The tennis event and the scholarship honors the memory of Nancy Reed — a Rollins College graduate and elite tennis player who died July 25, 2009.

Born in Minneapolis on April 21, 1933, Reed started playing tennis at age 15 and went on to play at Rollins College.

After graduating in 1955 with a bachelor’s degree in biology, she taught from 1956 to 1974 at Western Jr. High School in Maryland and also earned her master’s degree in 1965 from George Washington University. 

During the same span of time, Reed continued to develop into an internationally-known tennis player, ranking in the United States Tennis Association Top 25 from 1964 to 1970. 

She also ranked No. 1 numerous times for USTA Women’s singles, USTA Women’s Doubles and International Tennis Federation singles.

In 1976, she moved back to Winter Park and continued to pursue her career in tennis — co-founding the Les Grandes Dames Senior Women’s Tennis circuit, working as the Rollins College women’s assistant and head tennis coach, and being named World Tennis Magazine’s Senior Women’s Player of the Year in 1986.

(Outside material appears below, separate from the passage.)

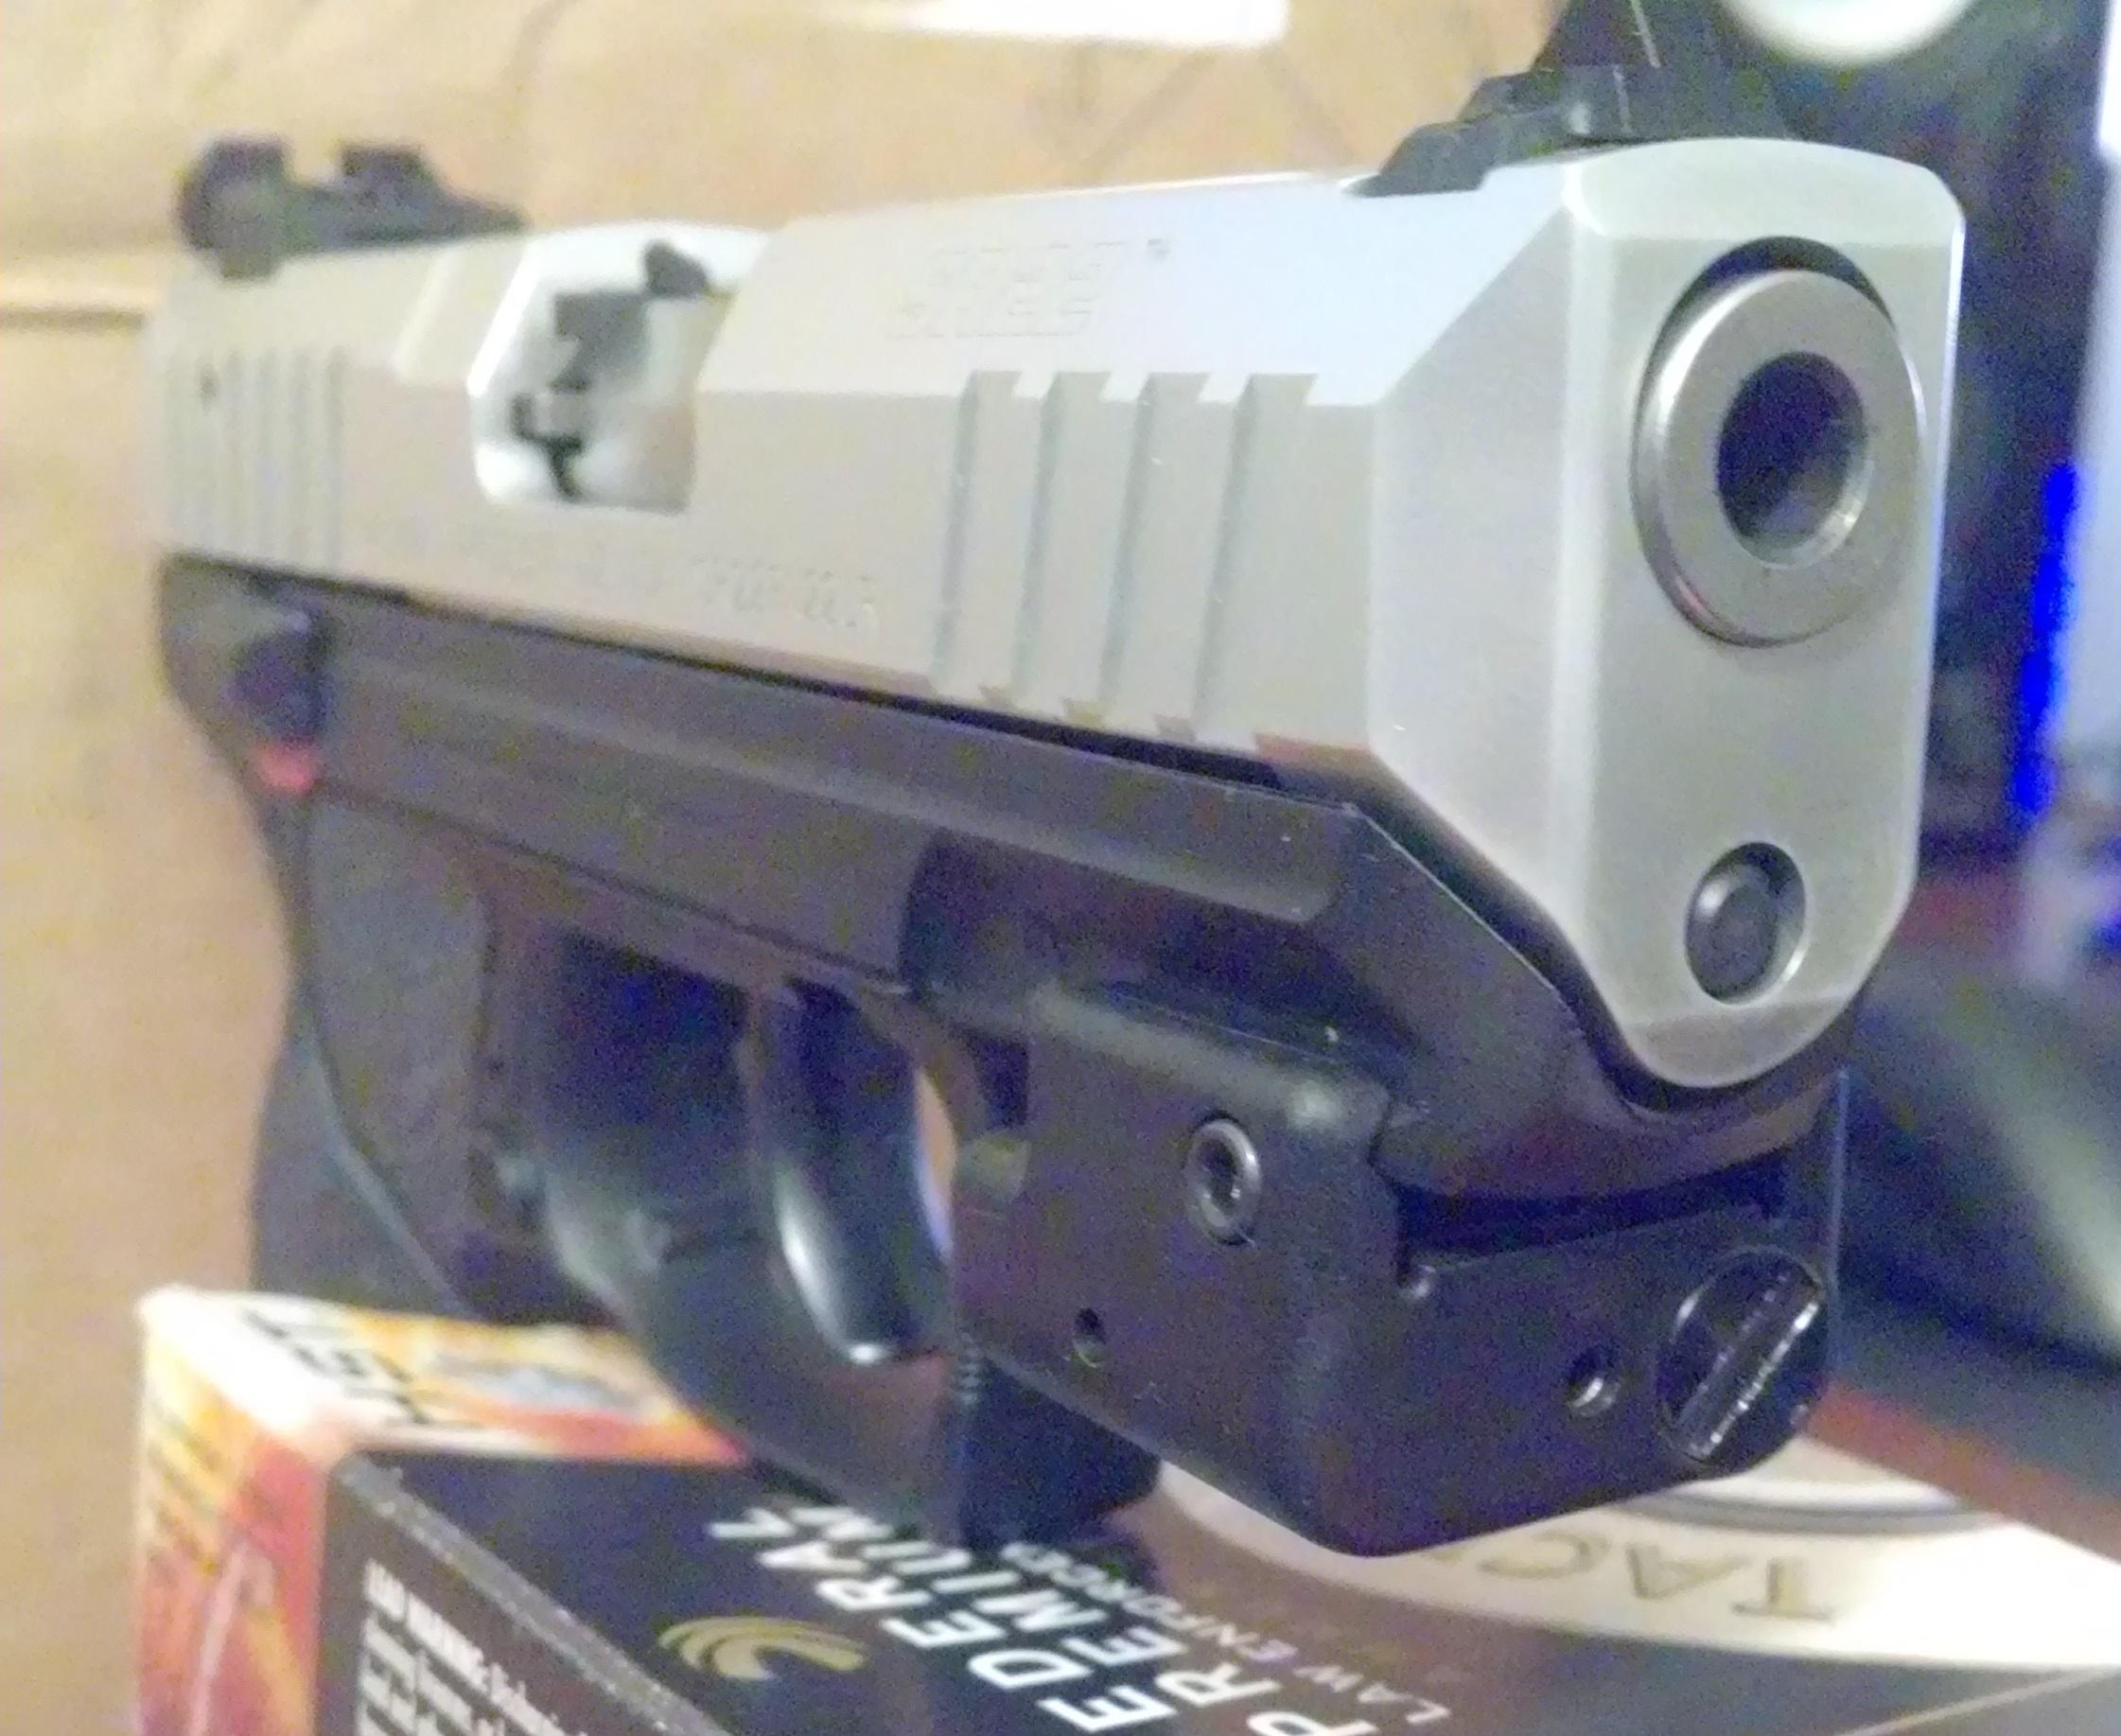 Laserlyte V4 For My SR-22-laserlyte3a.jpg

Reed won 96 Gold Balls — the award given to USTA National Champions — and was inducted into the Washington DC Hall of Fame, the Rollins College Sports Hall of Fame, the Florida Tennis Association Hall of Fame, the Central Florida Sports Hall of Fame and the ITA Women’s Hall of Fame.

She lived in Winter Park throughout the rest of her life, teaching tennis at what’s now the Winter Park Tennis Center. Merrell taught tennis alongside Reed for many years, and recalls her offering a class that taught all of the basics of tennis in just a single weekend. 

“She had one big belief, and that was that everyone should have the opportunity and learn to play tennis,” Merrell said. “This was not just adults, it was kids, too — she and I taught a lot of kids in our kids program. She truly, truly believed that tennis was so important that everyone should learn to play and participate in it.”

Rollins College women’s tennis coach Bev Buckley also had a close relationship with Reed over many years. She remembers when Reed and her friend and tennis partner Patricia Graham first approached her about establishing a scholarship. 

“We were friends and she approached me knowing she had cancer and she wanted to help our program,” Buckley said. “It was an honor to have been her friend. To have her endow a scholarship for the program meant a lot to me because it will always be there, even when I retire. … We miss her dearly. She was just a wonderful person.”